Finanzanalysten, Finanzbuchhalter sowie Risikomanager sind von der Entwicklung ausgenommen. Aber selbst auf dem IT-Arbeitsmarkt ist die Nachfrage nach Fachkräften zurückgegangen, befindet sich aber immer noch auf hohem Niveau.
Foto: PantherMedia / Andriy Popov

Dass es um die Stimmung in der deutschen Wirtschaft aktuell nicht zum Besten steht, lässt sich auch am aktuellen Hays-Fachkräfte-Index für das dritte Quartal 2022 ablesen. Der bereits im Vorquartal sichtbare Nachfragerückgang bei den Stellenausschreibungen für Fach- und Führungskräfte hat sich im aktuellen Quartal laut Hays nochmals bestätigt. Demnach sinkt der Wert im dritten Quartal 2022 um 15 Prozentpunkte (PP).

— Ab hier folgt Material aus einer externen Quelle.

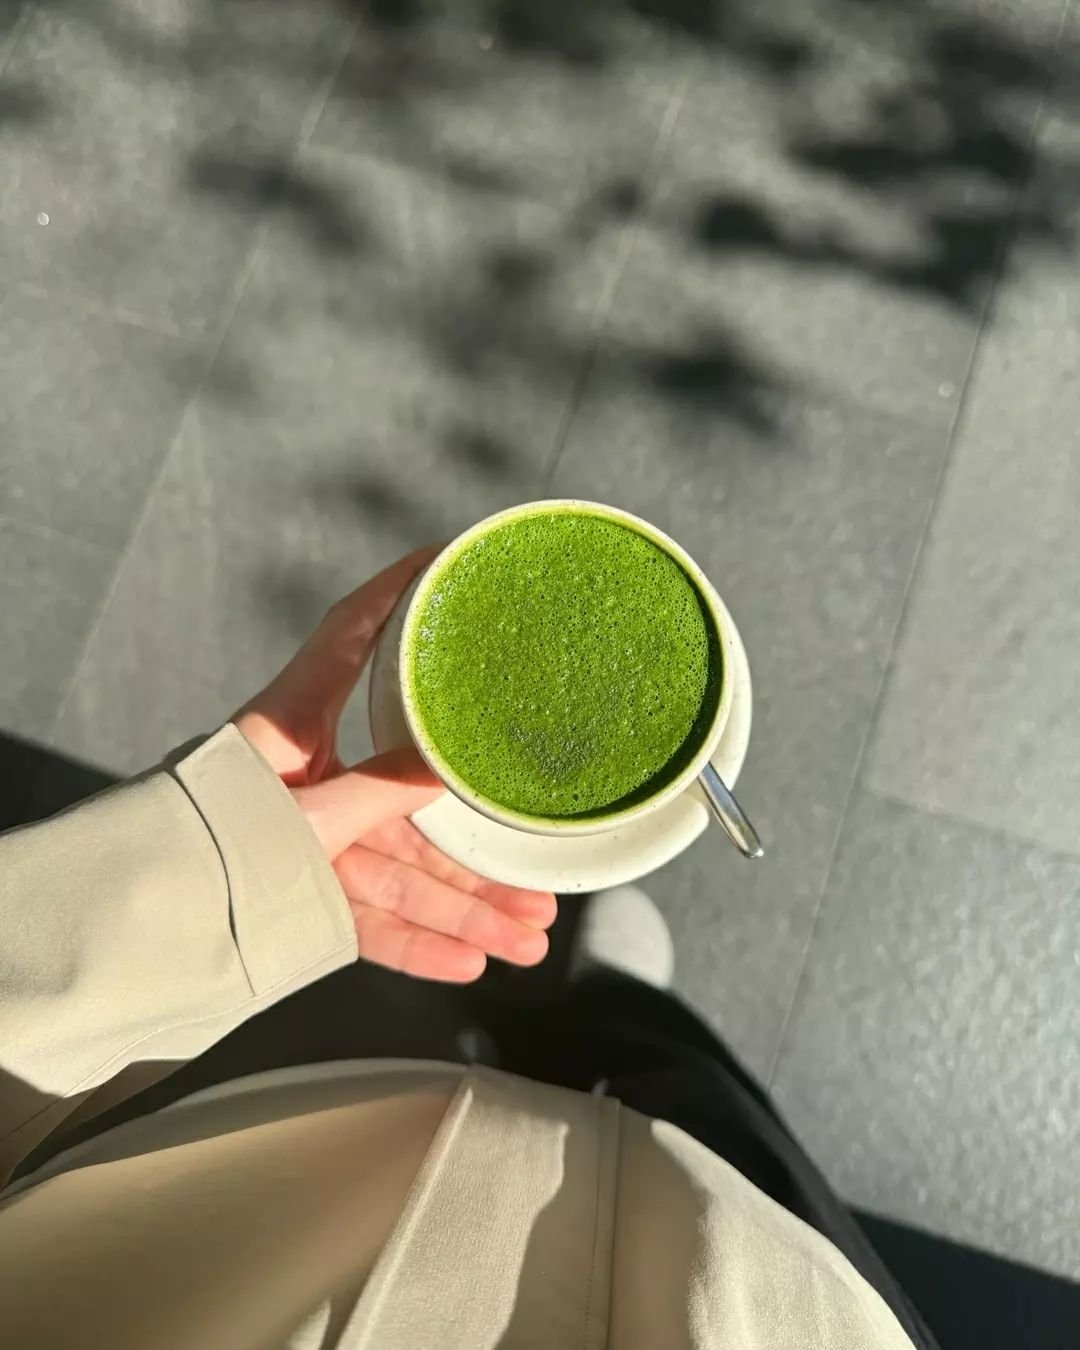 Calling all matcha lovers! 🍵 We're thrilled to announce that our matcha powder comes directly from the renowned UJI MARUKYU KOYAMAEN brand, thanks to our fabulous supplier @simplynativejapan here in Sydney. Dive into the unique richness of our exclu

Zwar befände sich die Nachfragesituation insgesamt auf einem sehr hohen Niveau, dennoch dürfte die aktuelle Flaute ein Indikator für die verhaltene Rekrutierung aufgrund von Preissteigerungen, Inflation sowie der drohenden Rezession sein, konstatiert Hays. Unternehmen schauten verstärkt auf Einsparpotenziale und den Return on Investment, anstatt in weitere personelle Kapazitäten zu investieren, heißt es weiter. Der Hays-Fachkräfte-Index basiert auf einer quartalsweisen Auswertung der Index Internet und Mediaforschung GmbH für Hays. Einbezogen werden Stellenanzeigen der meistfrequentierten Onlinejobbörsen, von Tageszeitungen sowie dem Business-Netzwerk Xing. Der Fachkräfte-Index zeigt die prozentuale Veränderung zum Ausgangswert vom ersten Quartal 2015 an. Sämtliche Positionsbezeichnungen gelten grundsätzlich für alle Geschlechter.

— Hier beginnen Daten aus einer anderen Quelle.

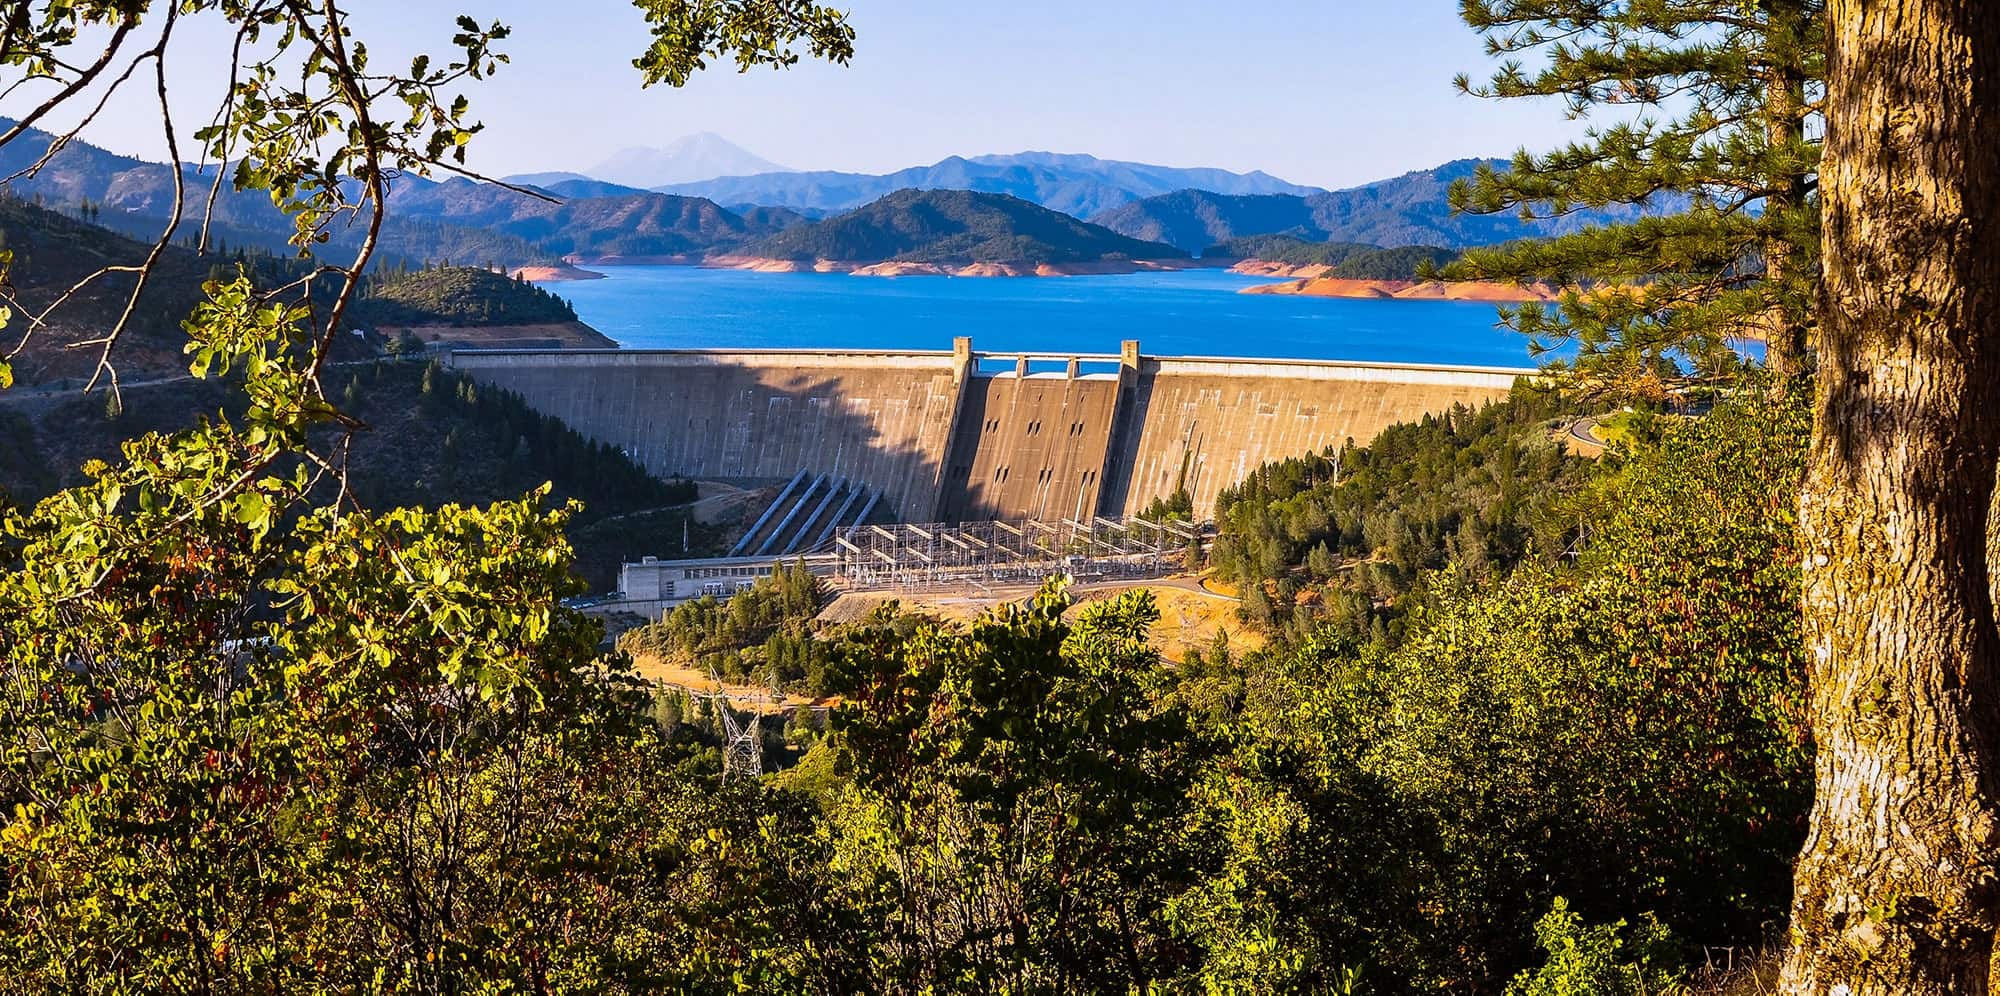 Image of Shasta Lake dam from a distance.

Suche nach Finance- und Life-Science-Fachkräften trotzt dem Abwärtstrend

Ein Lichtblick: Die Nachfrage nach Finanz- und Life-Science-Spezialisten und -Spezialistinnen scheint ungebrochen, auch wenn der Anstieg in Summe nur einen Prozentpunkt ausmacht. Gute Jobaussichten bieten sich vor allem für Finanzanalysten und -analystinnen (+4 PP), Finanzbuchhalter und -buchhalterinnen (+12 PP) sowie Risikomanager und Risikomanagerinnen (+8 PP).

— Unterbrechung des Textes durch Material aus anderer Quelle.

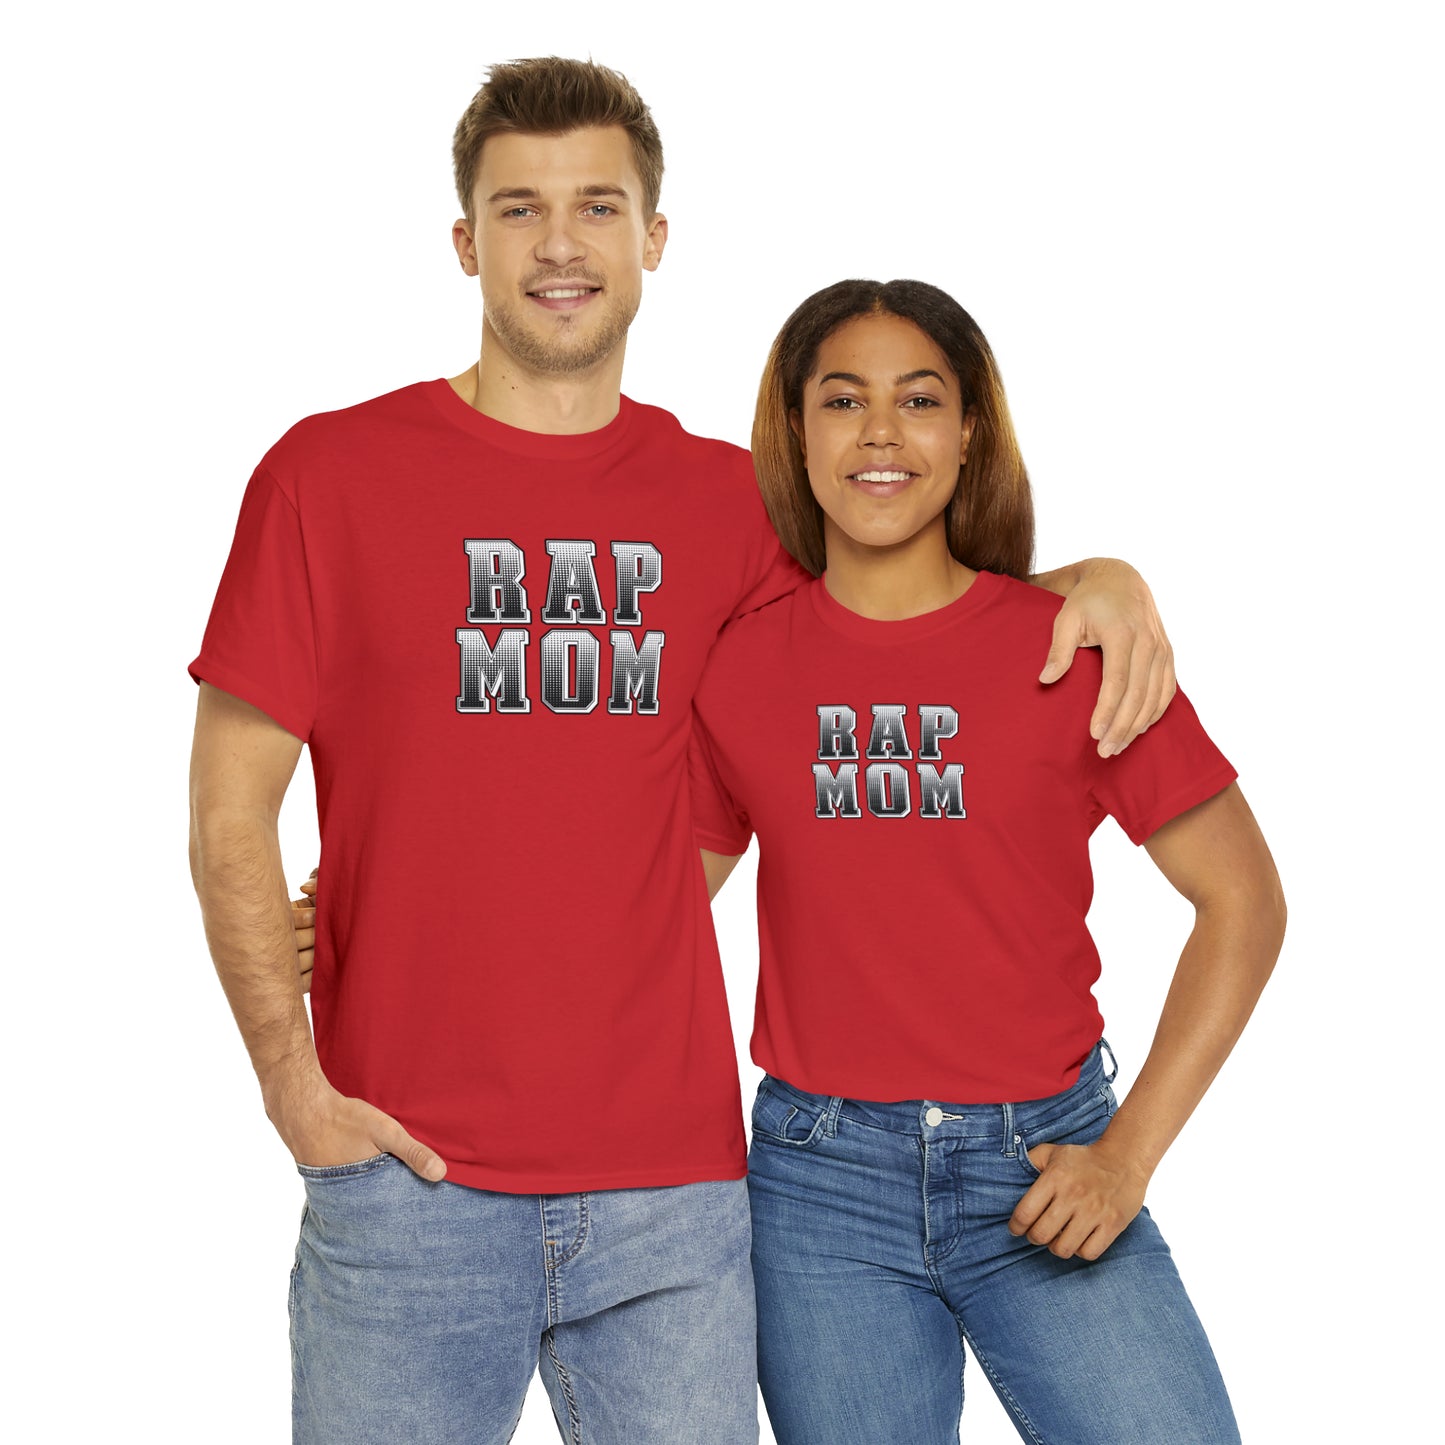 Rap Mom T-Shirt - Great gift for Mom

Denn in der jetzigen Situation geht es den meisten Unternehmen darum, verstärkt Risikobewertungen vorzunehmen und Einsparpotenziale zu identifizieren. Auch die Nachfrage nach Life-Science-Spezialisten und -Spezialistinnen ist dank Corona nach wie vor im Aufwind. Nachdem sie im Vorquartal deutlich zurückgegangen war (–53 PP auf 238 %), gab es in diesem Quartal einen zaghaften Zuwachs von einem Prozentpunkt auf 239 %. Den deutlichsten Zuwachs verzeichnen Data-Scientists (+16 PP) und Medical Advisors (+24 PP). Die Coronapandemie hat der gesamten Branche einen deutlichen Nachfrageschub verschafft.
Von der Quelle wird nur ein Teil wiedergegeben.